A third concern is related to the method applied to measure mucus displacement, which was conducted by tracking radiopaque tantalum disks placed in the trachea.^{21,23,24,28,29} After the tantalum disks were insufflated, they were tracked for 10 min to define the baseline assessment. Following baseline measures, hyperinflation maneuvers were performed. However, in the prone position, the intrathoracic trachea in swine is oriented upwards, whereas the extrathoracic trachea is almost horizontal.³⁰ This orientation facilitates mucus movement toward the glottis due to gravitational force. Thus, it is possible that, during baseline, mucus movement was accelerated by gravity and that the disks were moved to a more horizontal region of the trachea before the maneuvers were applied. In this case, gravity might have favored mucus displacement mostly during baseline, thus explaining the higher mucus transport rate observed at this point. Nevertheless, this hypothesis could have been discarded if there was a group with a sham maneuver. It is also important to highlight that, during baseline, the animals were being ventilated with an expiratory flow bias that was high enough to favor the displacement of mucus toward the glottis, a condition that is not common in clinical practice.³¹

The duration of manual hyperinflation and ventilator hyperinflation also raise some concerns because the maneuvers were too short, lasting only 2 min. In another study conducted by the same research group to investigate the effects of 2 different types of manual chest cage compression on mucus clearance in mechanically ventilated pigs, the maneuvers were applied for 15 min.²⁴

In addition, manual hyperinflation was applied differently than recommended in the literature.¹ In the current study, manual hyperinflation submitted the mucus layer to a burst of peak inspiratory flows until an inspiratory pressure of 40 cm H₂O was achieved; only after expiratory flow occurred (see Fig. 1 in Li Bassi et al²²). Considering our hypothesis that there was no secretion retention, this insufflation pattern might have spread out the mucus layer even thinner and thus impeded the transport of mucus via expiratory flow bias. This might explain why manual hyperinflation had the worst performance in terms of mucus clearance rate per animal, as suggested in Figure 6 in Li Bassi et al.²²

Despite the concerns raised, an interesting result was that manual hyperinflation, as previously described,¹⁰ produced a highly variable tidal volume, whereas the maneuver was more consistent with the ventilator. This finding reinforces the advantages of applying ventilator hyperinflation instead of manual hyperinflation.

What are the implications of this study? Bench and animal studies can provide valuable insights to our understanding of airway secretion clearance. Although animal studies are not high-level evidence, they can be used to test hypotheses and improve the design of clinical trials. The research by Li Bassi et al²² gives us the opportunity to improve our knowledge regarding 3 important topics: the importance of a right scenario to investigate airway clearance maneuvers, which maneuver should be applied (as described by the authors, probably the one that produces a more consistent tidal volume), and the need for an appropriate method to measure secretion clearance, given that the technique affects the results.
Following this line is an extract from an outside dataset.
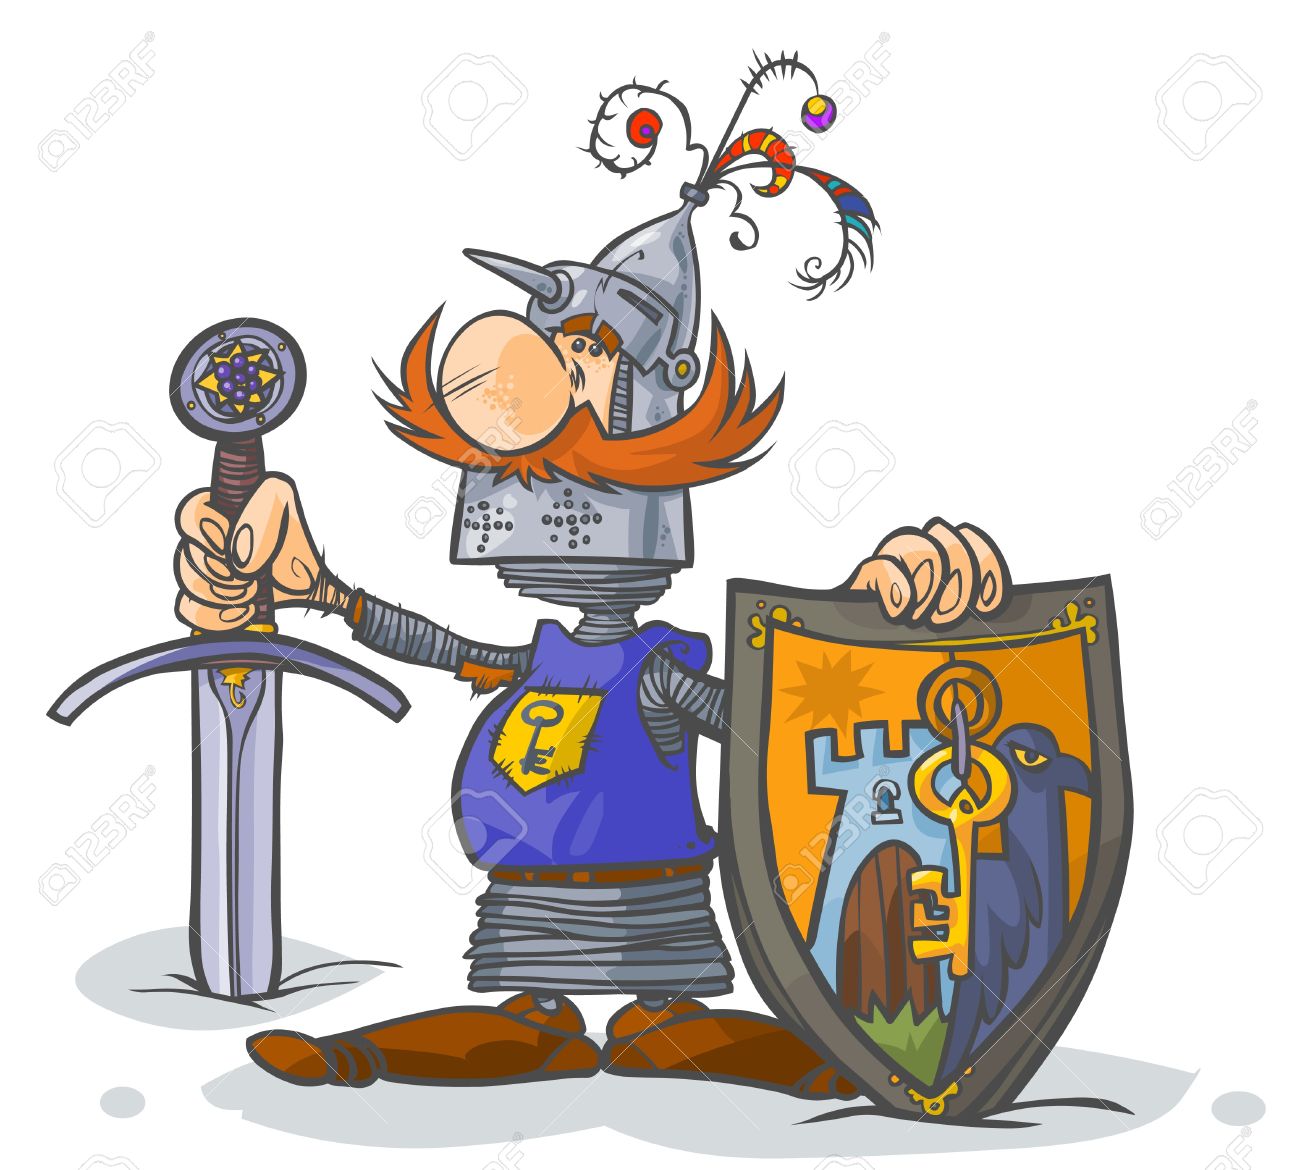 Chivalry clipart #13, Download drawings

In conclusion, this experimental study by Li Bassi et al²² showed unexpected results of the lung hyperinflation maneuvers on the tracheal mucus movement; these results challenge previous findings and call for new investigations. It is unclear whether the tested scenario simulates the ideal condition of retained secretions with reduced compliance, where the lung hyperinflation maneuver could be most effective as a therapeutic technique. Moreover, it is unknown if such a scenario fulfilled the critical factors to allow the expiratory bias flow to move secretions outward from the lungs.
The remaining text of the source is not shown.